<<<<

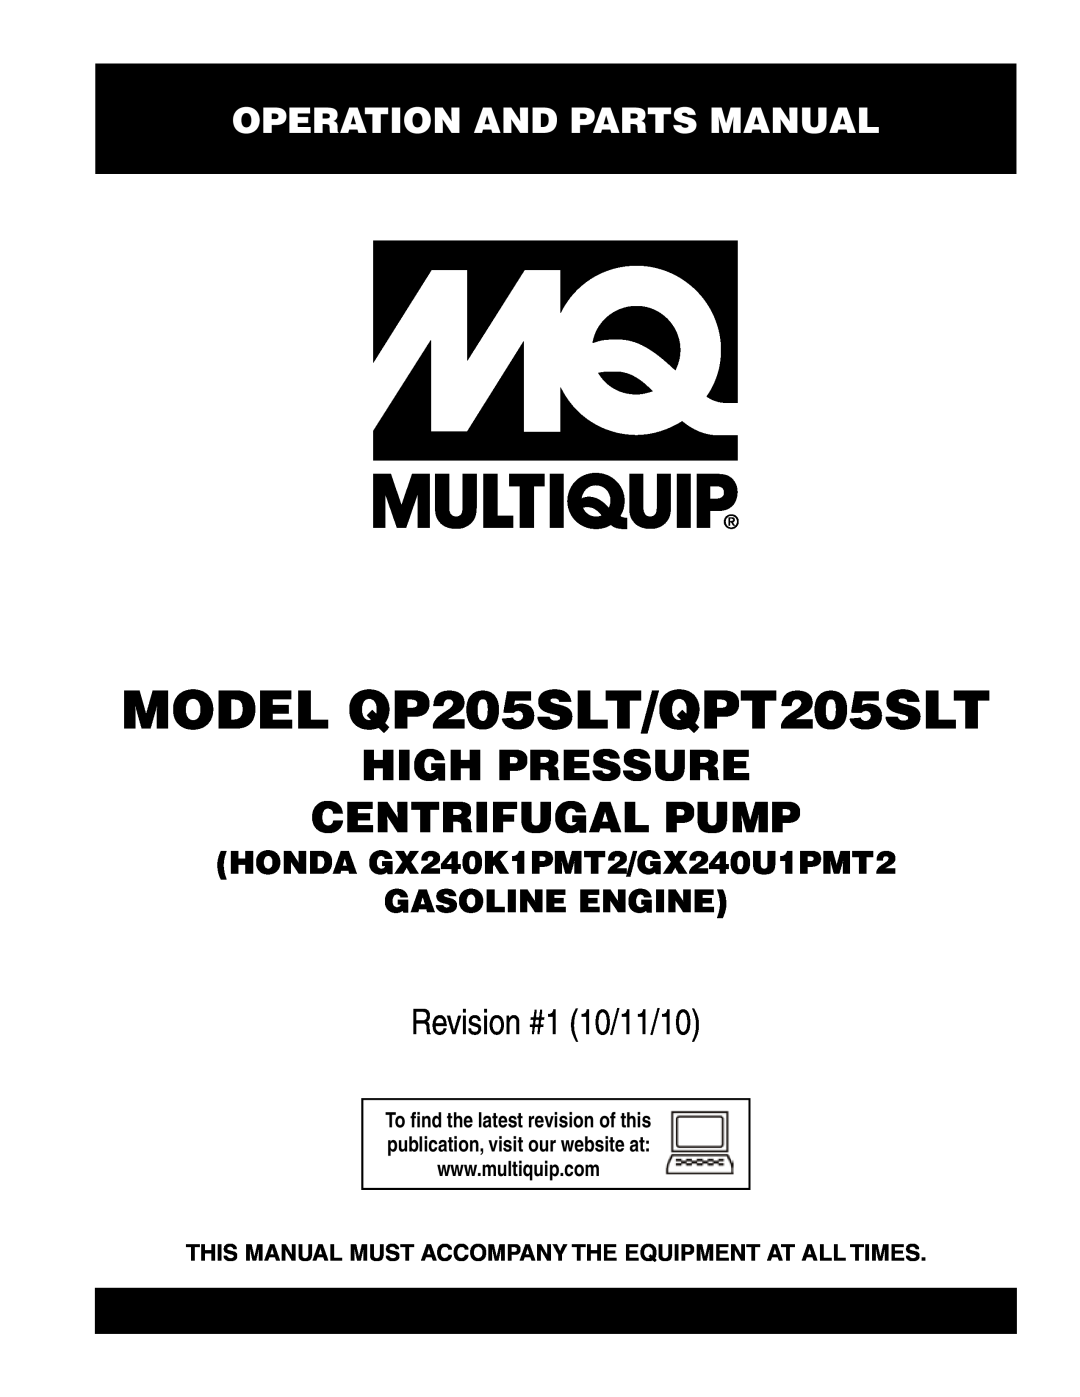 Multiquip manual Operation and Parts Manual, MODEL QP205SLT/QPT205SLT, High Pressure Centrifugal Pump 
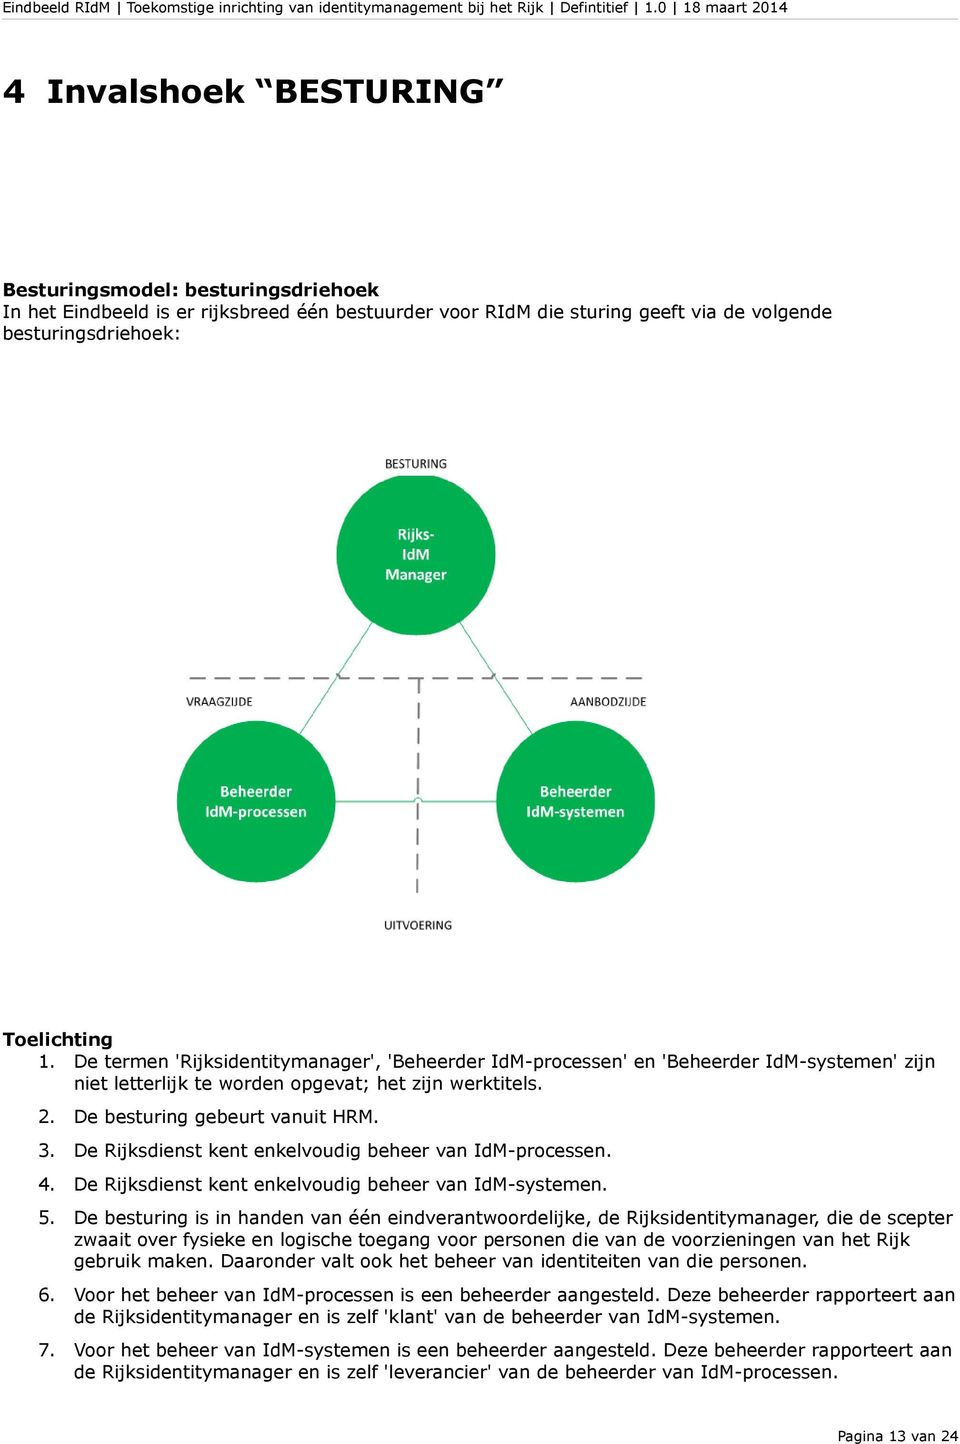 De Rijksdienst kent enkelvoudig beheer van IdM-processen. 4. De Rijksdienst kent enkelvoudig beheer van IdM-systemen. 5.
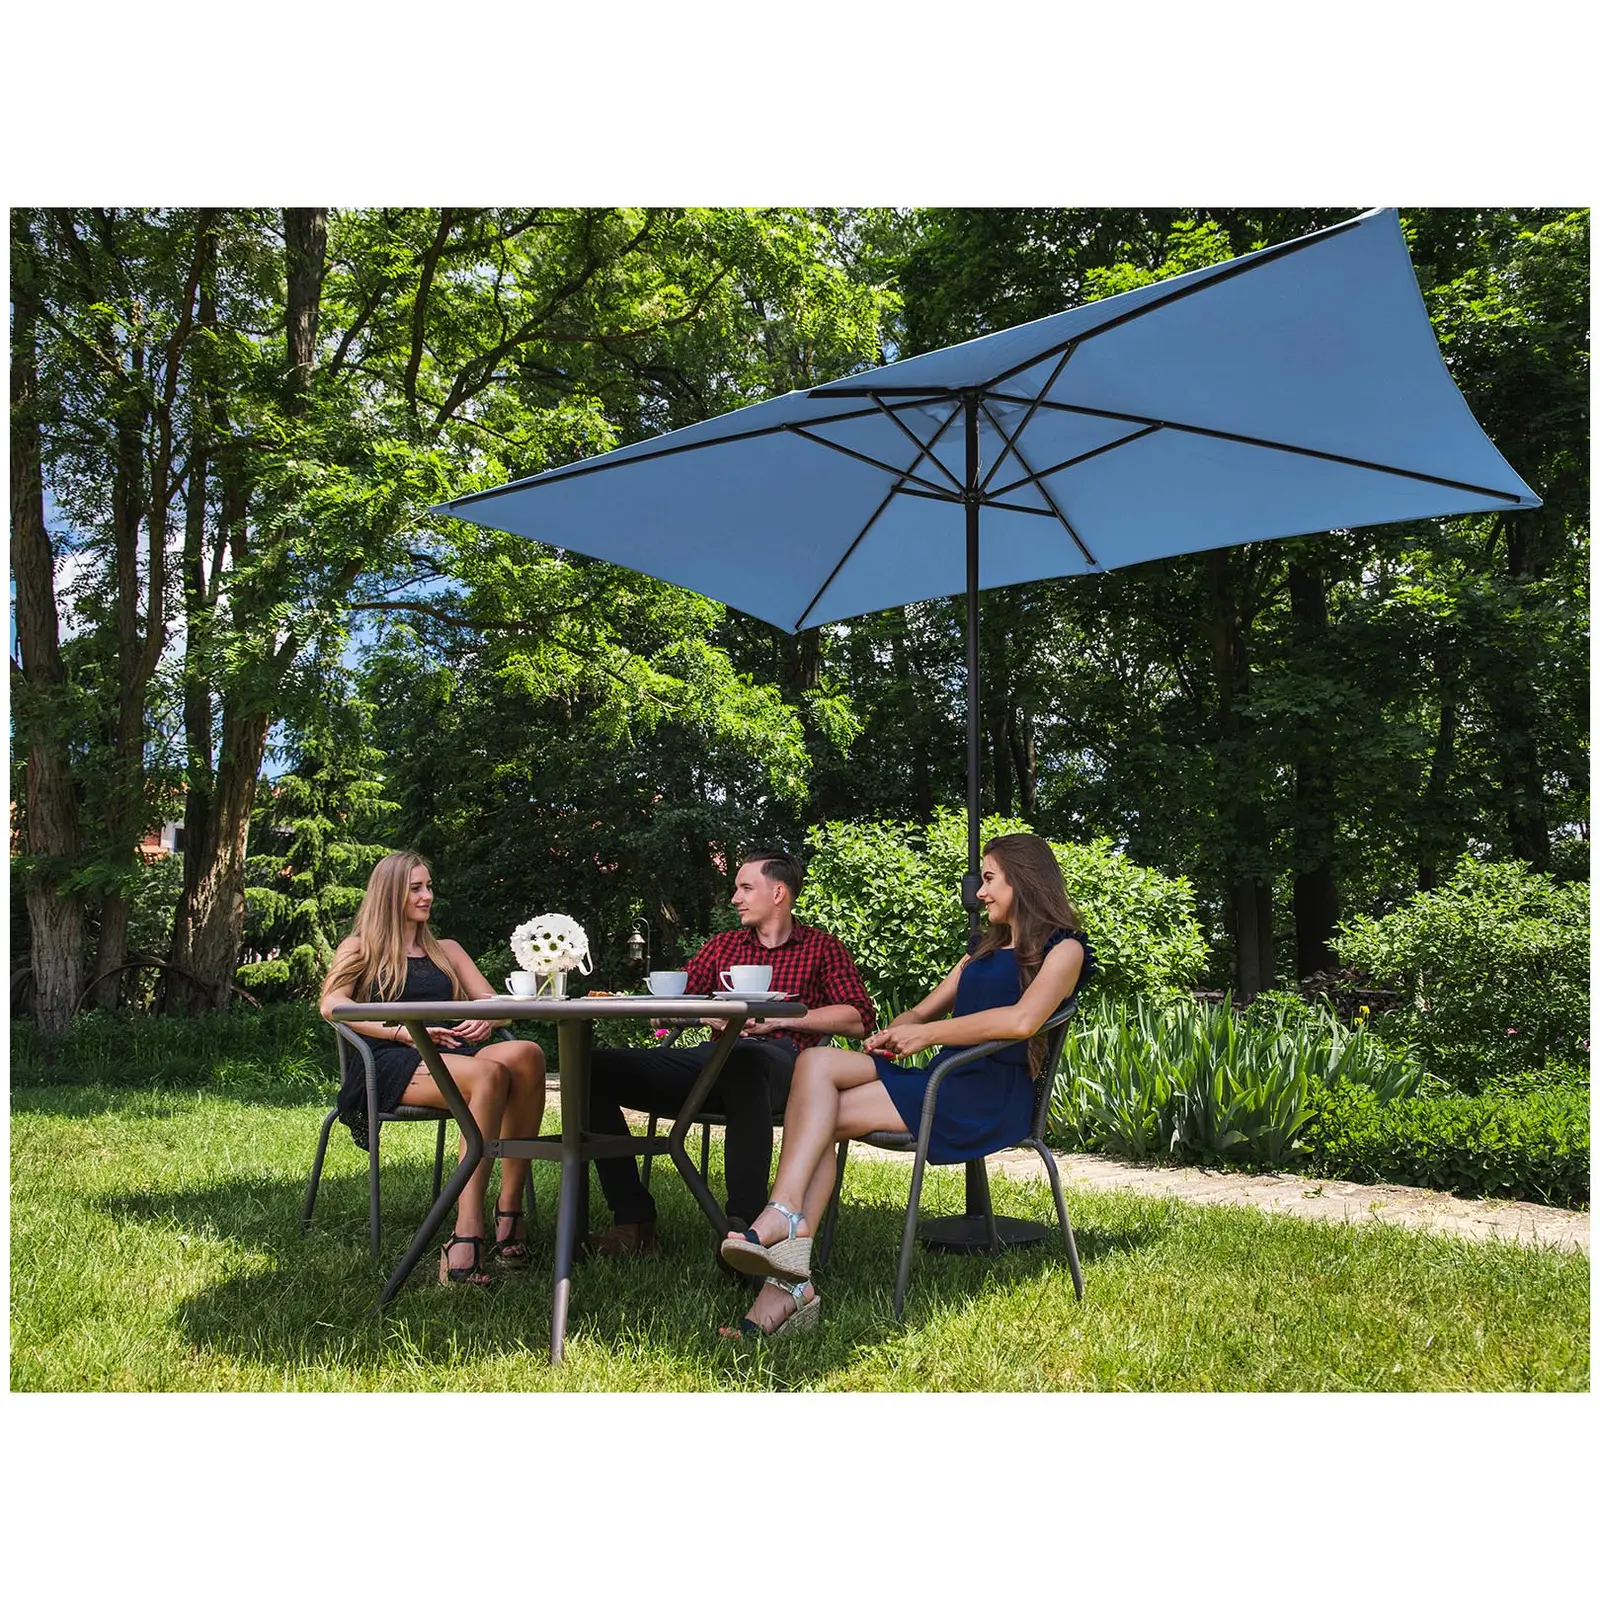 Large Outdoor Umbrella - blue - rectangular - 200 x 300 cm

>>>>

** HOW TO COMPLETE THIS TASK **
Without the pictures, repeat the listing above exactly.

** RESULT OF THIS TASK **
 Multiquip manual Operation and Parts Manual, MODEL QP205SLT/QPT205SLT, High Pressure Centrifugal Pump 
 De Rijksdienst kent enkelvoudig beheer van IdM-processen. 4. De Rijksdienst kent enkelvoudig beheer van IdM-systemen. 5.
 Large Outdoor Umbrella - blue - rectangular - 200 x 300 cm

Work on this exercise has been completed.